Verbal gymnastics by Abe soundalike

Reporter: Jim Williams
Date published: 25 March 2011


The Friday Thing

WAS Jim McMahon’s Hathershaw Address, with its shades of Abe Lincoln’s words at Gettysburg (“government of the people, by the people, and for the people, shall not perish from the earth”) an indication that he sees himself as leader of Oldham Council after the May elections?

After all, he already has a substitute budget in his jacket pocket.

Jim was introducing his vision of a Co-operative Council that is, apparently, a kind of power-to-the people melange in which councillors actually listen to we ordinary folk.

Like me, you probably thought councillors got their generous allowances for listening to we ordinary folk already, but perhaps they’re not doing it or perhaps they are listening but not taking any notice. Maybe that’s why we feel we could lose at least a third of them without suffering any significant impact, except that we would save a lot of money to spend on more useful things.

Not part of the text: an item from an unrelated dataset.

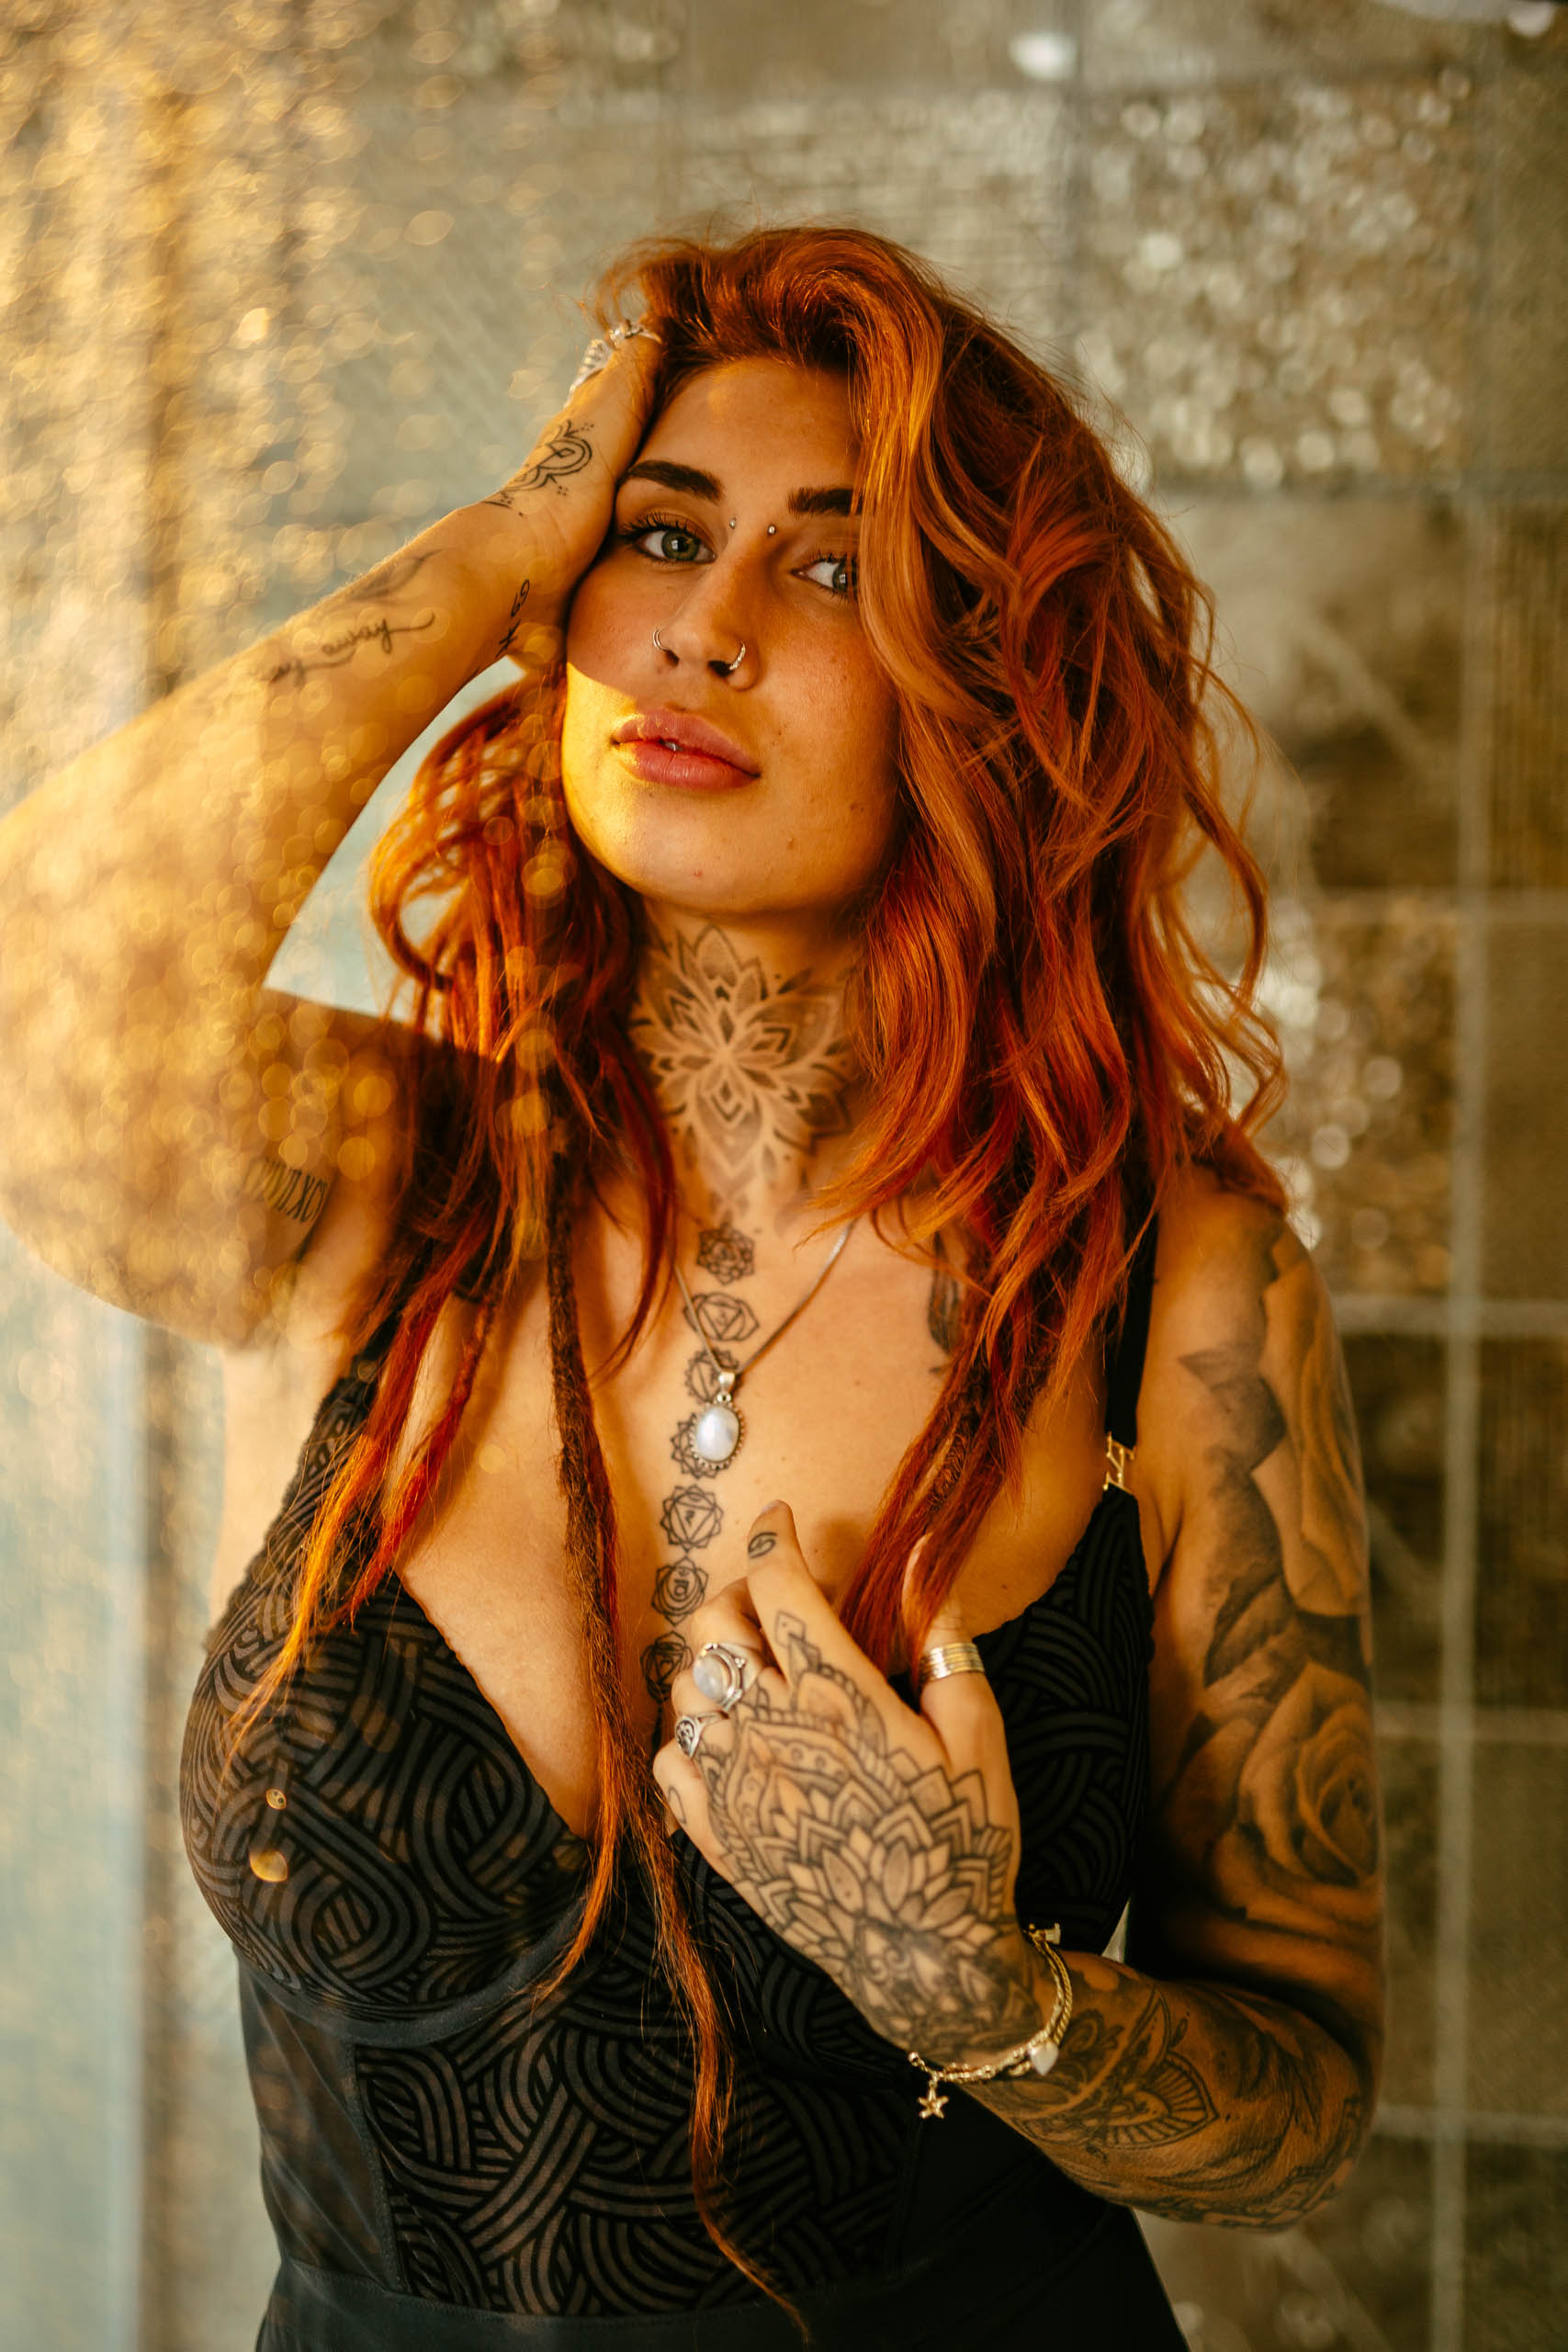 Een vrouw met rood haar en tatoeages poserend in een badkamer.

Jim, however, had a severe attack of the rhetorics (a nasty affliction related to thesaurusitis and a mild form of cliché clap, English or Chinese versions).

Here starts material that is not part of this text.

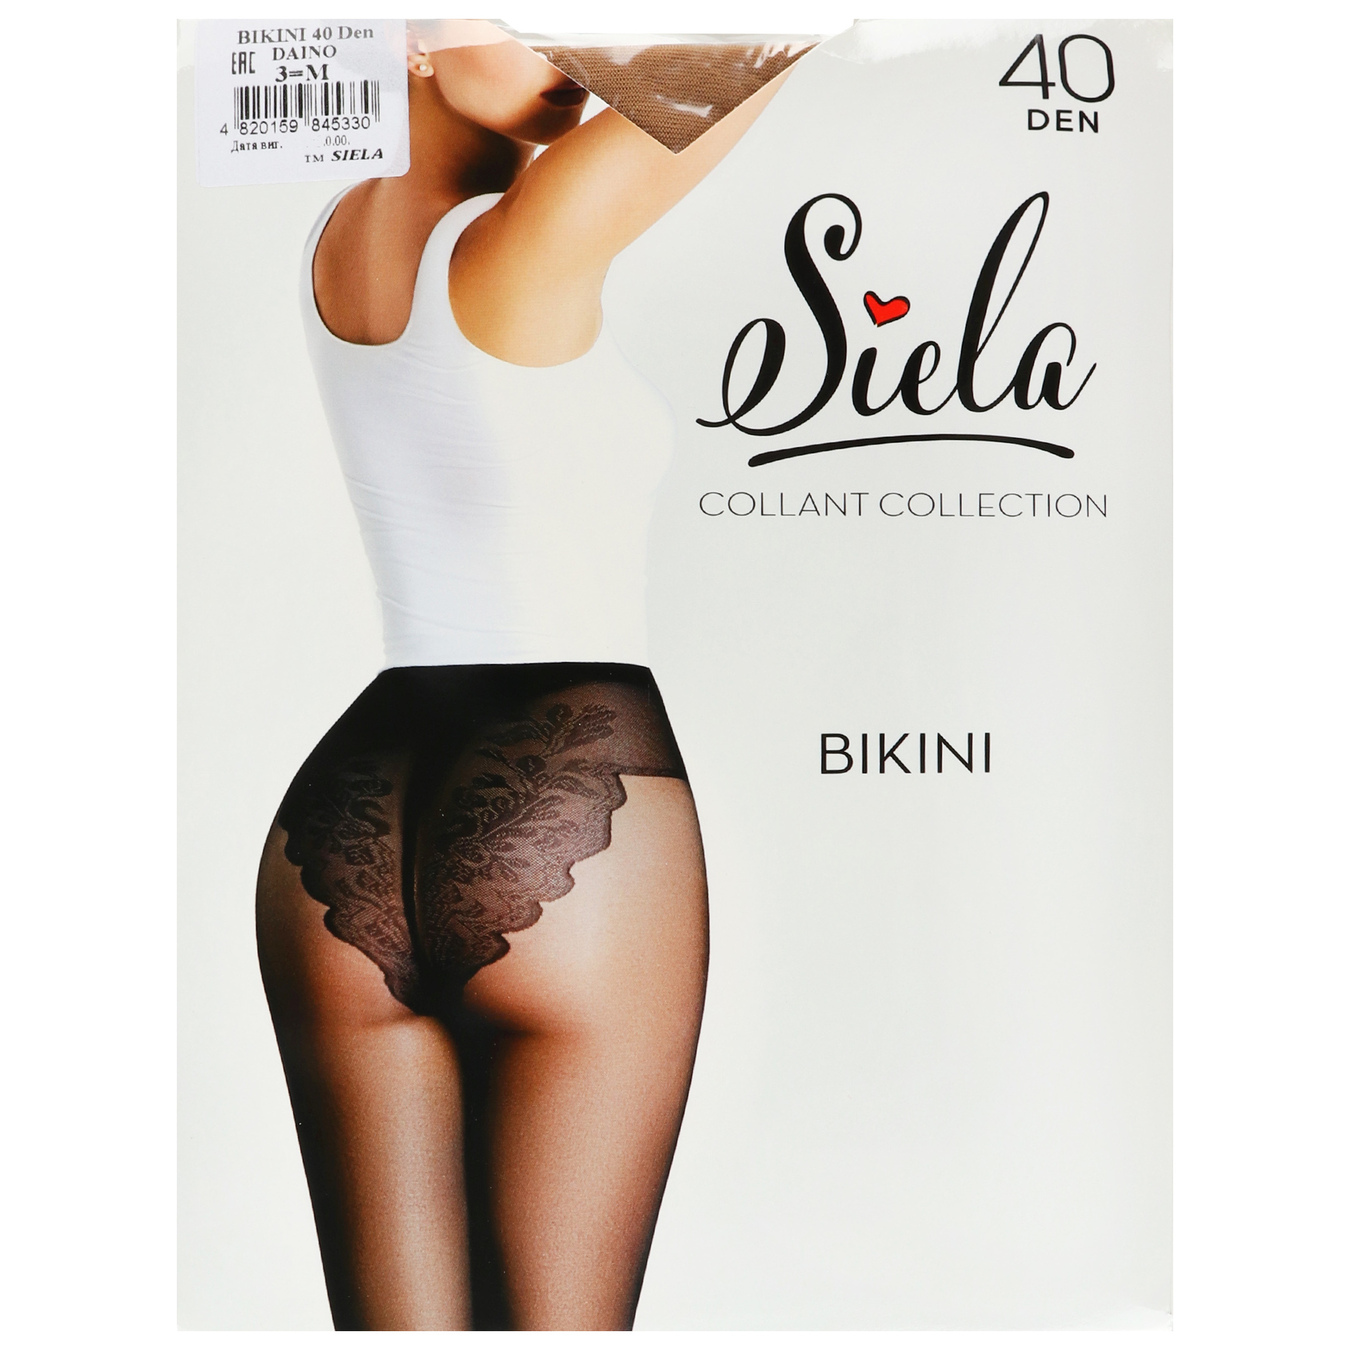 Women's tights Siela Bikini 40 days daino size 3

And so we had: “By the strength of our common endeavour we achieve more than we achieve alone, so as to create for each of us the means to realise our true potential and for all of us a community in which power, wealth and opportunity are in the hands of the many, not the few, where rights we enjoy reflect the duties we owe and where we live together, freely in a spirit of solidarity, tolerance and respect.”

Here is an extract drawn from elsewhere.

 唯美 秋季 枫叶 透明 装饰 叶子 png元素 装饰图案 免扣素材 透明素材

There was more in the same style with Jim’s verbal gymnastics allowing him to use the word “together” three times in one sentence. Now that’s what you call togetherness.

Jim’s heart is in the right place and no one would argue with the need for Oldhamers from all communities to come together in shaping the future of the borough and improving the lives of its future citizens. But isn’t that what local government was set up to do, what it was always supposed to be for?

Will calling it a Co-operative Council make it any better? Will it pay a divvy?



ISN’T it rather galling how our national government always seems so gung-ho about going to war?

There is more relish than reluctance about putting our brave men and women into the front line in some far flung (though not flung far enough) corner of the world like Libya, Afghanistan and Iraq.

As a nation we are a financial basket case in that our basket has no money it, leaving families right across the land in dire straits, possibly for years to come.

Bombing Libya will cost millions, possibly billions before it is done so why didn’t our Government and the Opposition say: “Just hang on a minute, we can’t afford this.”

Why didn’t they follow the Arab League (where there are more billionaires than there are grains of sand on Blackpool beach) and say sorrowfully: “Yes, we support the action in Libya, but no, we are not taking part, but thanks for asking.”

Supporting the desperate poor in the Third World is one thing; financing wars that are not our business and that do not affect us are something else entirely.

Isn’t it a pity that those who govern us and who get a testosterone kick out of involving us in wars are not the ones who have to go to the front line?

Are they trying to build a new empire to lord it over? Heaven help us.




FINAL WORD: As a former smoker (there are still days, more than 20 years since I last lit up, that I fancy a fag) it was startling to see in the Budget that a packet of 20 cigarettes now costs £7. That’s a ridiculous amount of money to put something in your mouth and set fire to it. But would I pay it if I were still in thrall to nicotine? Yes I would.